Меняются культурные ценности и поколения. Имперского Петра – Медного всадника у детей и подростков затмил Петр – монстр работы Михаила Шемякина. Высоченный урод с крошечной яйцевидной головкой и длинными-предлинными паучьими пальцами, словно сбежавший из Кунсткамеры, восседает посреди Петропавловки. Галдящие тинейджеры громоздятся к нему на колени и гладят императора по темечку. Руки и колени статуи отполированы до блеска. На Медного всадника никто, к счастью, влезть не пытается: значит, новой русской революции не будет… Все реже в речи петербургского жителя слышится «парадное» вместо безликого и всеобщего «подъезда» или «что» с начальным «ч», а не «ш» – знаки отличия коренных обитателей Петрополя. Они понемногу становятся достоянием анекдотов: «Человек садится в поезд на Московском вокзале и обращается к проводнику: “Простите, можно у Вас попросить чтопор?”» Петербург для постороннего, насмотревшегося криминальных сериалов, – теперь скорее «бандитский», чем «культурный». А также – кузница кадров для верхов российской власти. Но пока парит ангел на Петропавловском шпиле и плывет золотой кораблик над Адмиралтейством, пока хотя бы кто-нибудь читает «Медного всадника», петербургские повести Гоголя или стихи Мандельштама, – лик этого города не растворится в небытии.
А миф о Петербурге – миражном, «умышленном» городе исчез не совсем. Город словно растворился в двух своих именах – петровском (старом, то есть… тьфу… новом) и советском (новом… ой, нет… старом). Санкт-Петербург – столица Ленинградской области. Приехать в него из Москвы можно, сев в поезд на Ленинградском вокзале. Возможно, ваш поезд прибудет не в город, а в низменную местность, поросшую кустиками да чахлыми карликовыми елями. Но не отчаивайтесь: когда туман рассеется, вы точно увидите бронзового всадника на жарко дышащем, загнанном коне. Достоевский обещал.
Филологические этюды
I
Он лежал, полуприкрыв глаза и прислонившись к сосновому пню. Сосновые иглы, густо устлавшие пень и зацепившиеся в складчатой коре, слегка щекотали шею. Неутомимый муравей полз вверх по панталонам. Александр сбил его на траву легким щелчком. «Как странно, – подумал в полудреме. – Слова “панталоны” на русском нет, а сами панталоны есть…»

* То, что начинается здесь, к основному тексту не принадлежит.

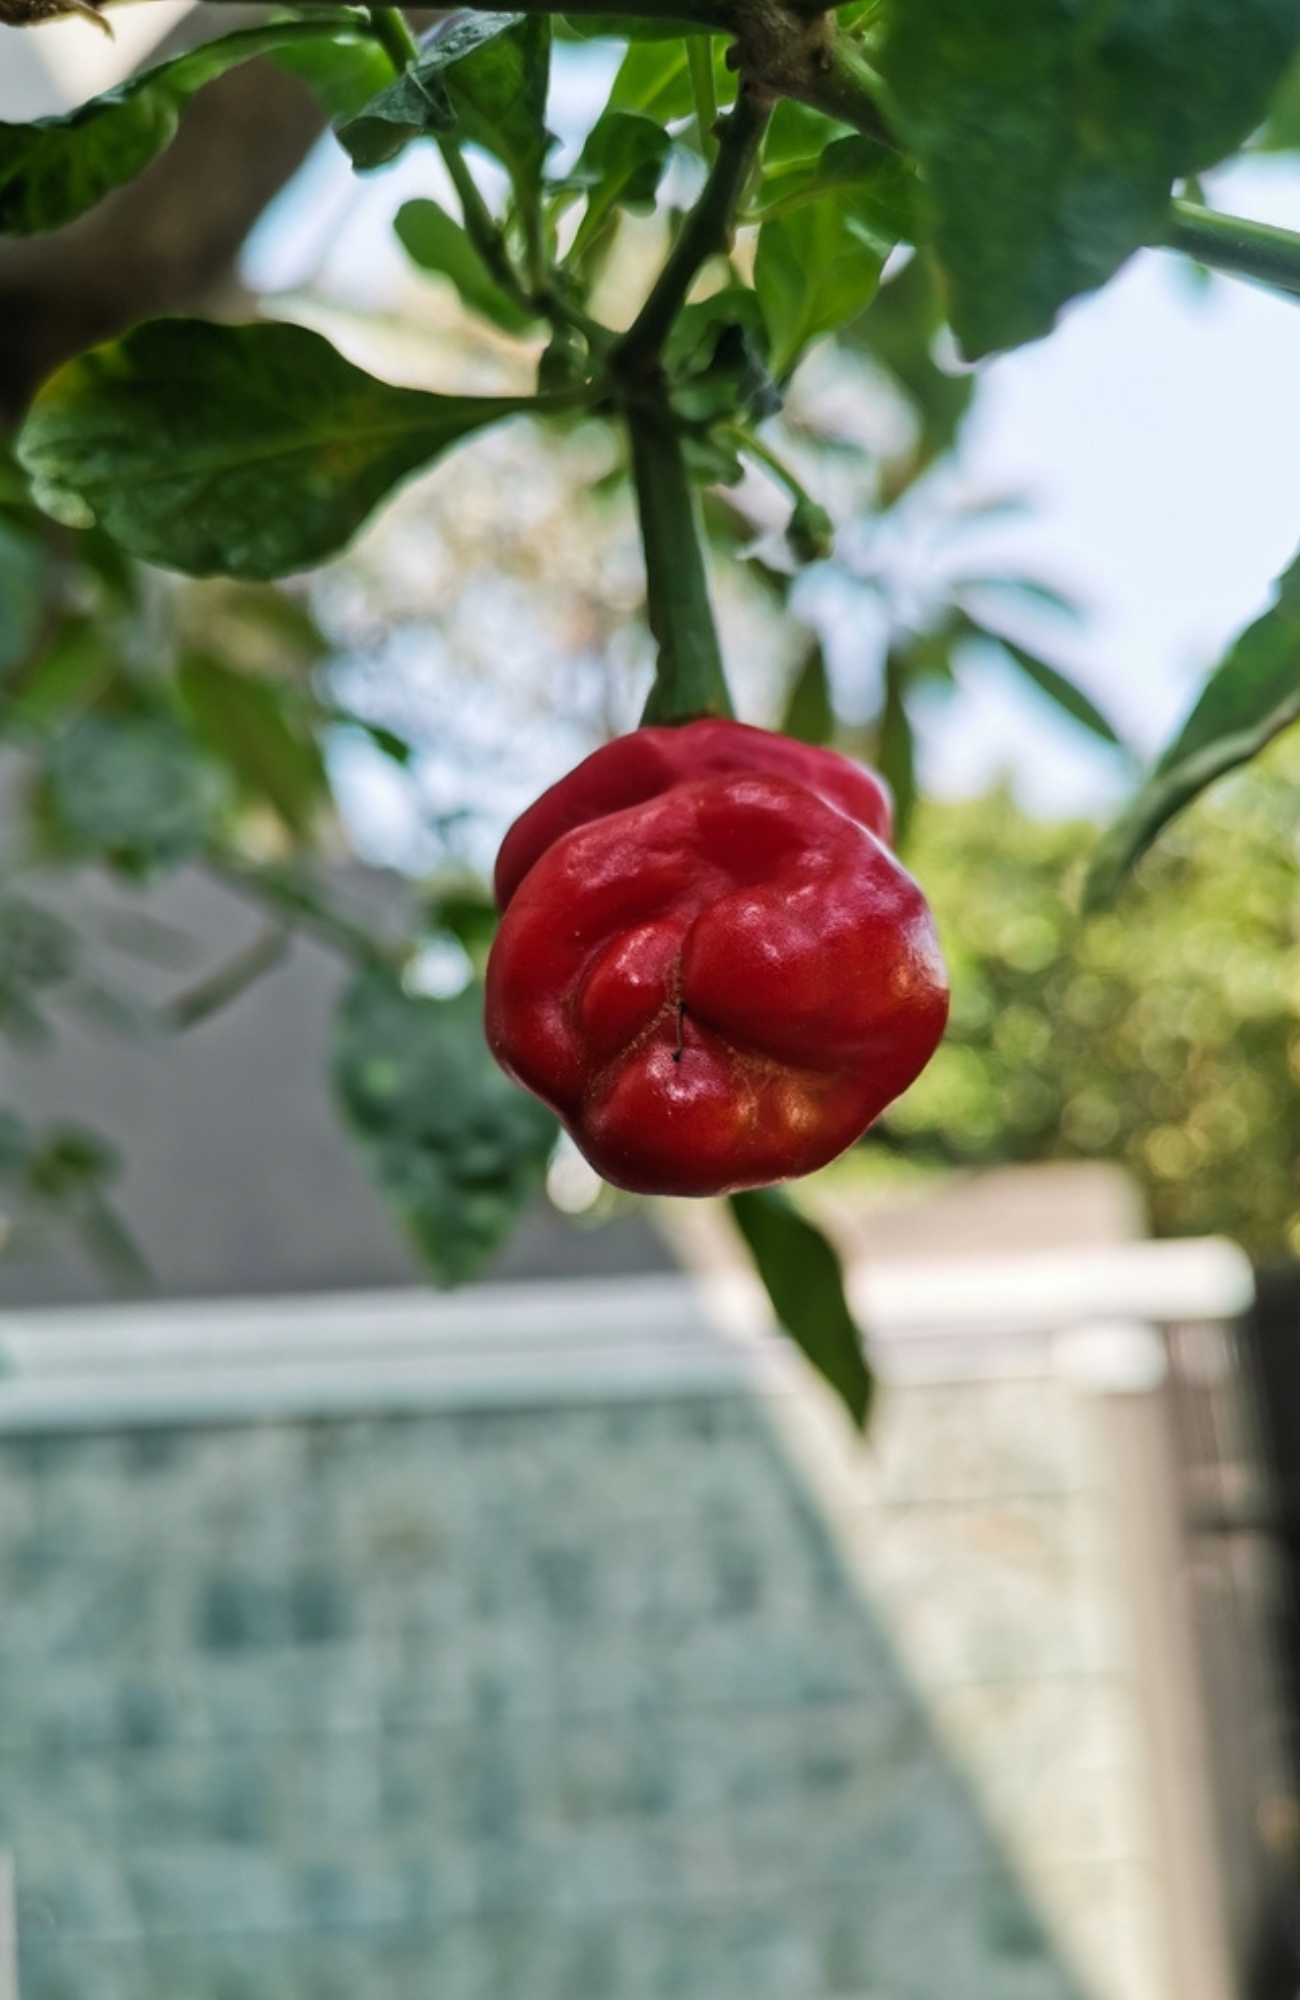 Discover Chilli Pepper Peter Seeds - Grow Your Hot Harvest!

В жарком поздневесеннем мареве слегка подрагивали уже привычные, поднадоевшие и невыразимо близкие сердцу картины: вдали перед ним пестрели и цвели луга и нивы золотые, мелькали села; по лугу бродили коровы. Прелестный уголок… приют спокойствия трудов и вдохновенья, – как сказал бы чувствительный поэт, поклонник сентиментального швейцарца Руссо. Тьфу ты черт, да ведь это он сам некогда написал… «Зеленой сетью трав подернут сонный пруд…» Нет, дурная строка: сеть трав – манерная метафора, да и пруд зарос не водяной травой, а ряской. Не забыть сказать управляющему: пусть почистят…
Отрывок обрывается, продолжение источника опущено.